Inspiriert von dem Bedürfnis nach Gemeinschaft und Zugehörigkeit, war auch ich dieses Jahr auf dem CSD in Berlin. Ich bin selbst queer, weiß das sehr genau, seit ich in etwa elf Jahre alt bin und nicht nur Jungs, sondern vor allem Mädchen toll finde, und habe vor allem in den letzten Jahren viel über meine queere Identität und Zugehörigkeit gelernt. Denn obwohl ich seit über zehn Jahren geoutet bin, fühlte ich mich eine lange Zeit nicht „queer genug“, um mich als Teil der LGBTQIA+-Community zu verstehen, und habe mich darauf beschränkt, mich Ally zu nennen. Eine weiße, pansexuelle Poly-cis-Frau, die die meiste Zeit in heteronormativen Beziehungen lebt, der sieht man das Queer sein nicht an, und dementsprechend ist die Marginalisierung, die ich deswegen im Alltag erfahre, kaum bis nicht vorhanden.
Die Gründe für ein fehlendes Zugehörigkeitsgefühl sind unterschiedlich und dennoch habe ich das Gefühl, dass viele queere Menschen mit diesen Selbstzweifeln zu kämpfen haben. Die LGBTQIA+-Community ist für alle offen, aber sind alle auch ich? Bin ich mitgemeint?
Während die einen, wie ich, aus einer privilegierten Position heraus darüber sinnieren, ob und wie viel Marginalisierung notwendig ist, um sich selbst als queere Betroffene statt Ally benennen zu wollen (was ein völlig absurder Gedankengang ist), sieht die Lebensrealität von vielen anderen queeren Personen ganz, ganz anders aus.

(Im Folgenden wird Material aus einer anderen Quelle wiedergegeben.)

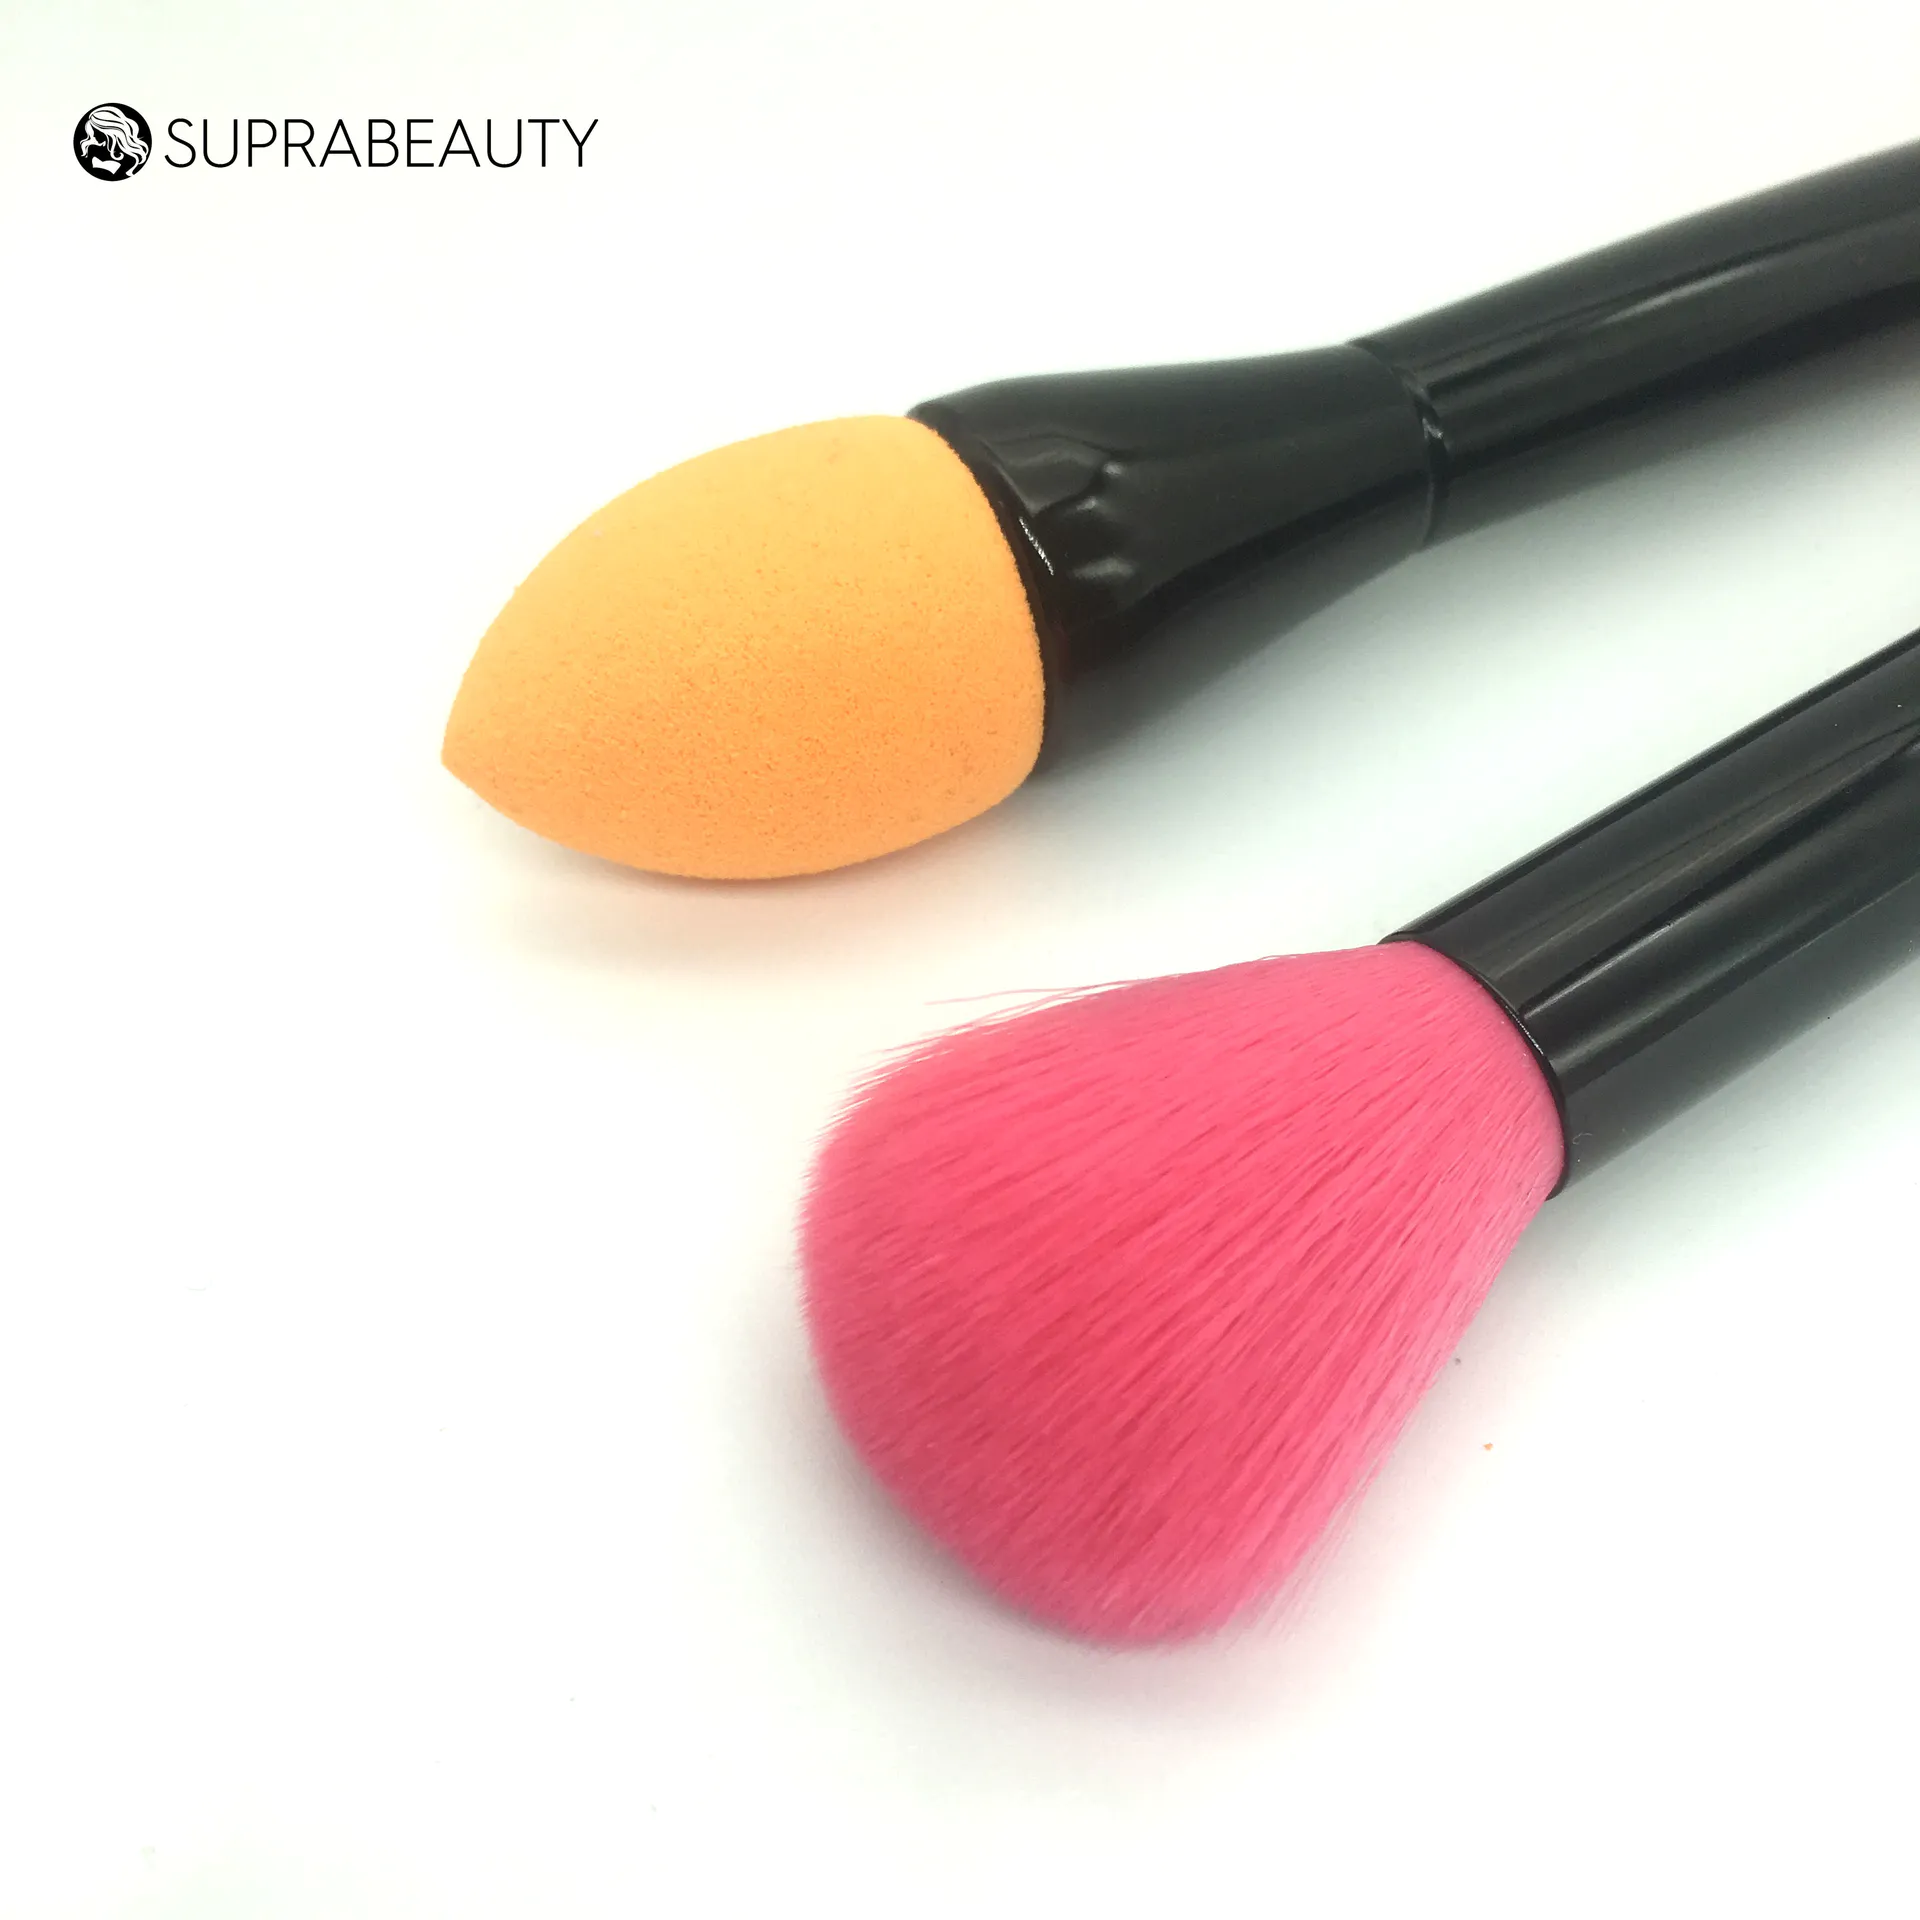 Rose gold makeup brushes wholesale private label anime makeup brushes custom logo sponge makeup brush

Der Christopher Street Day hat seinen Ursprung 1969 in New York City. In den 60er-Jahren waren Razzien in Schwulenbars und Nachtclubs überall in den Vereinigten Staaten gang und gäbe. Homosexualität und abweichende Genderidentität galten als Perversionen, sowohl politisch verfolgt und strukturell benachteiligt als auch gesellschaftlich geächtet und diskriminiert. Immer wieder wurden Identitäten von queeren Personen, welche bei Razzien erfasst wurden, in der Presse veröffentlicht, was die Sicherheit der Betroffenen massiv bedrohte und sie aus der Gesellschaft isolierte und verheerende soziale Folgen für Zwangsgeoutete mit sich brachte. Begründet wurden viele der Verhaftungen von queeren Menschen mit dem Vorwurf der „Anstößigkeit“ beziehungsweise „Erregung öffentlichen Ärgernisses“, dazu zählte bereits Händchenhalten, Küssen, das Tragen von Kleidung des durch die Gesellschaft nicht akzeptierten anderen Geschlechts oder die reine Anwesenheit in sogenannten Schwulenbars oder Clubs. Das Stonewall Inn war vor allem für nicht-weiße Personen ein wichtiger Treffpunkt und Rassismus innerhalb der Polizei förderte ein besonders militantes und gewaltvolles Durchgreifen.
In der Nacht vom 27. auf den 28. Juni 1969 kam es schließlich zu der gewalttätigen Razzia im Stonewall Inn, die als Stonewall-Aufstände in die Geschichte eingingen. Sie wurden zum Wendepunkt im Kampf gegen die strukturelle Diskriminierung und für die Rechte von Schwulen und Lesben in der westlichen Welt; ein gewalttätiges Aufeinandertreffen der queeren Community, welche immer mehr Rückhalt aus der lokalen Bevölkerung erhielt, und der Polizei, die letztendlich aufgab und sich zurückzog.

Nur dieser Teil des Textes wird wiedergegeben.